In particular, the HigwayGraph class, and its auxiliary classes, HighwayVertex, HighwayEdge, and LatLng, provide much of the underlying functionality you will need. Note that most of the fields are declared as protected, so you can access them directly from your code as long as it is also in Java's "default" package. This is not ideal from a design perspective, but is done to simplify much of the code so you can focus on the actual algorithm implementation.

There is also a class Dijkstra provided that processes the required command-line parameters and sets up the HighwayGraph and finds references to the HighwayVertex objects for the start and destination of the driving directions request.

Note that there is a named constant DEBUG that should be used to turn on or off "debugging" output. It will be much easier to develop your Dijkstra's algorithm implementation step-by-step if you work on a small graph and print lots of information about the vertices and edges being considered at each step by the algorithm. If you encapsulate all of this kind of output inside if (DEBUG} { ... } blocks, you can simply set DEBUG to false when you want to turn it off.

What You Need to Add

Your task is to implement Dijkstra's algorithm to compute and report the shortest path from start to dest.

You should follow the algorithm as discussed in class, with the following modifications:

When your main loop terminates (because you found the shortest path to dest), you will print out the driving directions from start to dest.

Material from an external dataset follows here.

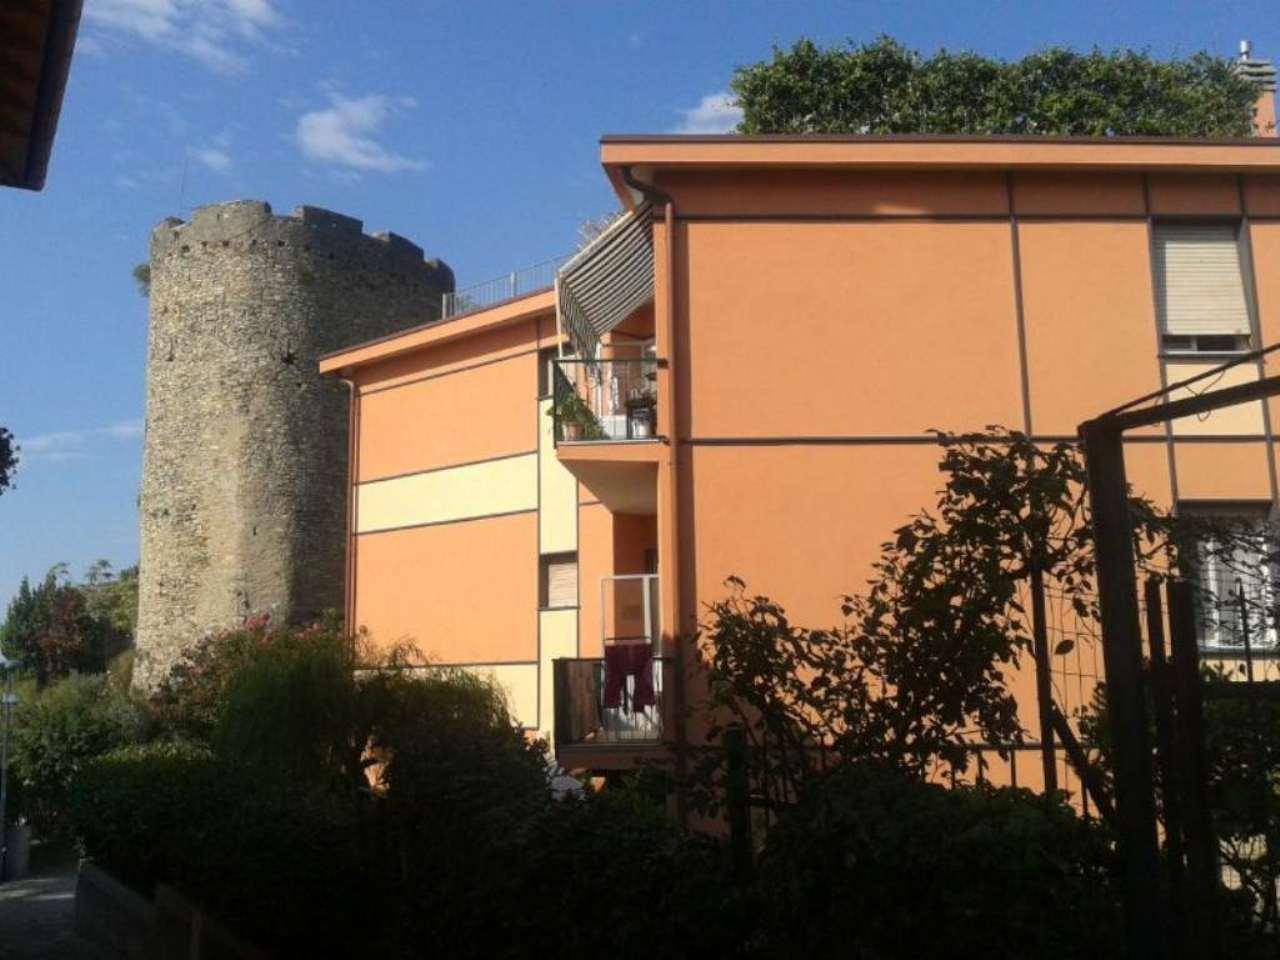 Appartamento in vendita a Chiavari, 3 locali, prezzo € 220.000 | PortaleAgenzieImmobiliari.it

If four command-line parameters were specified (that is, if args.length == 4), then args[3] will contain the name of a file where you should write a .pth file with the route that can be plotted on the map by HDX.

Implementation Details

Bonus Opportunties

There are two opportunties to earn bonus points on this homework. Make your suggestions for other bonus ideas and approved ideas will be added here.

  1. Directions that mention every intersection, even those where you are simply supposed to continue along in the same direction on your current road, can be a little verbose. For 4 bonus points, compress the human-readable directions to mention only those points where your route changes (i.e., where the edge label changes from one segment to the next). For example, getting directions in NY-all.tmg from US9/NY2 (Latham Circle) to NY86@MirLakeDr (Lake Placid) results in a path length of 38. However, since many of those are consecutive points from one I-87 exit to the next or along US 9, the compressed directions simplify to:
    Travel from US9/NY2 to US9/NY7
     for 0.89 miles along US9, total 0.89
    Travel from US9/NY7 to I-87(7)/NY7
     for 0.35 miles along NY7, total 1.24
    Travel from I-87(7)/NY7 to I-87@14&NY9P@I-87&NY9PTrkSar@NY9P
     for 22.17 miles along I-87, total 23.41
    Travel from I-87@14&NY9P@I-87&NY9PTrkSar@NY9P to
     I-87(15)/NY9PTrkSar/NY29TrkSar/NY50
     for 1.74 miles along I-87,NY9PTrkSar, total 25.15
    Travel from I-87(15)/NY9PTrkSar/NY29TrkSar/NY50 to I-87(30)/US9
     for 72.23 miles along I-87, total 97.38
    Travel from I-87(30)/US9 to US9/NY73
     for 2.14 miles along US9, total 99.52
    Travel from US9/NY73 to NY9N_S/NY73_S
     for 11.19 miles along NY73, total 110.71
    Travel from NY9N_S/NY73_S to NY9N_N/NY73_N
     for 1.64 miles along NY9N,NY73, total 112.36
    Travel from NY9N_N/NY73_N to NY73/NY86
     for 13.45 miles along NY73, total 125.81
    Travel from NY73/NY86 to NY86@MirLakeDr
     for 0.87 miles along NY86, total 126.68
    
  2. For 2 bonus points, gracefully handle the situation where the start and dest vertices are not connected. This could happen, for example, in Hawaii, if you ask for directions between two points on different islands.